SEC To Render New Decision On 9 Recently Rejected Bitcoin ETFs By End Of Month

The U.S. Securities and Exchange Commission (SEC) has reopened the door for nine previously dismissed Bitcoin exchange-traded funds via a series of notices published October 4.


The U.S. Securities and Exchange Commission (SEC) has reopened the door for nine previously dismissed Bitcoin exchange-traded funds via a series of notices published October 4.

SEC sets comment deadline for previously rejected ETFs

The regulator has set an October deadline for “comments” as part of a timeline to review initially rejected proposed rule changes.

The review timeline targets nine different ETFs proposed for listing by three applicants, the SEC revealed in its documents filings.

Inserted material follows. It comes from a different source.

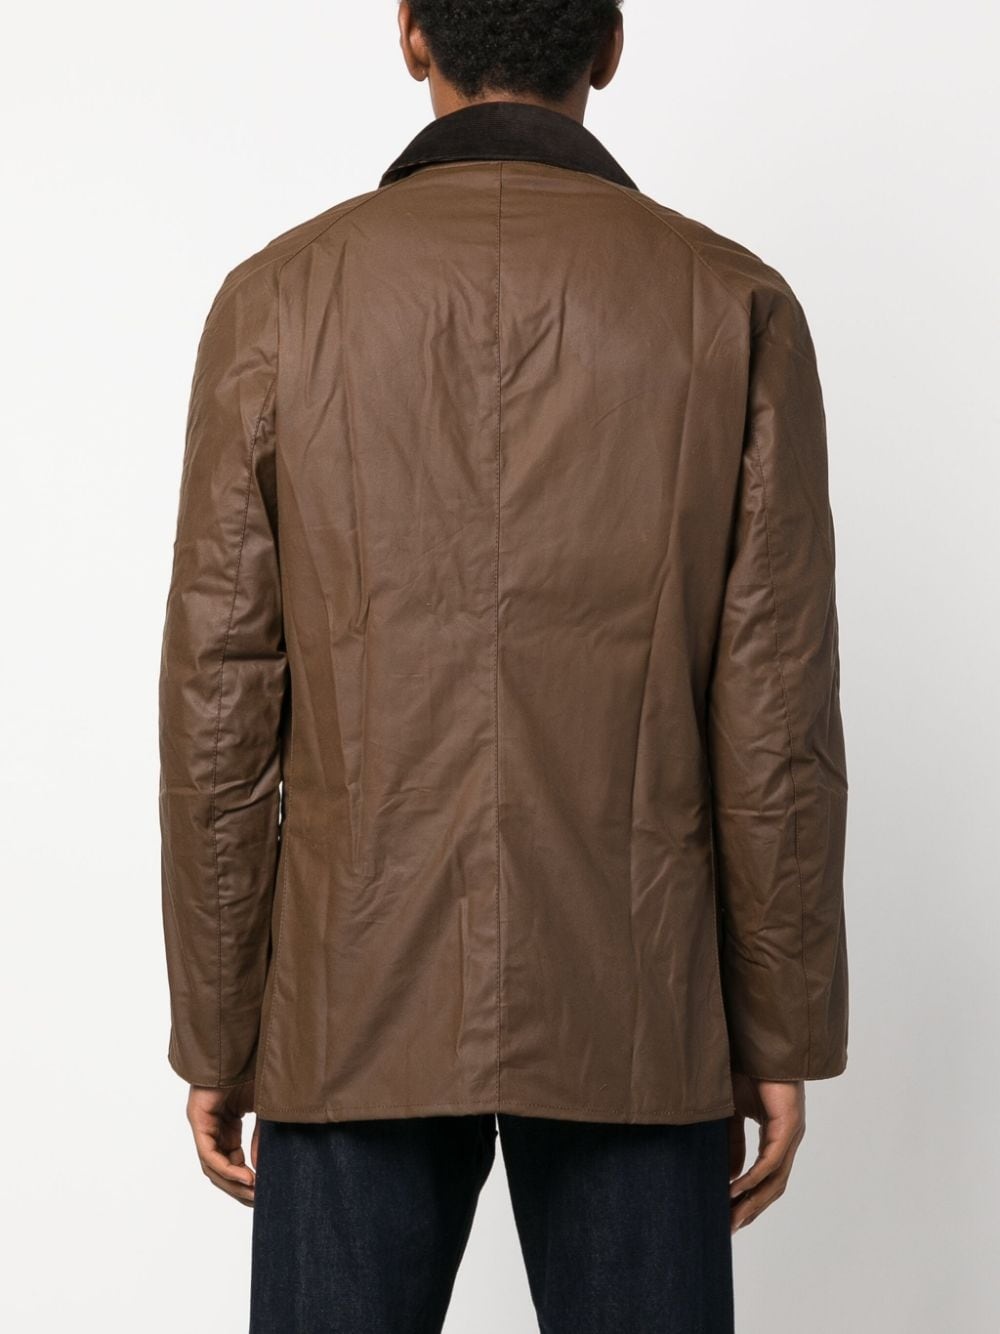 Beaufort press-stud wax jacket - 4

The applications for listing exchange-traded funds under review will be those by ProShares, GraniteShares, and Direxion.

The three firms had sought to list the Bitcoin (BTC) ETFs on the NYSE Arca or CBOE BZX. However, the commission, through a decision taken by its Division of Trading and Markets, had rejected the proposed rule changes.

The decision to reject the ETFs drew the ire of one of the commissioners, Hester Peirce, who criticized the Commission, saying that it had exceeded its mandate.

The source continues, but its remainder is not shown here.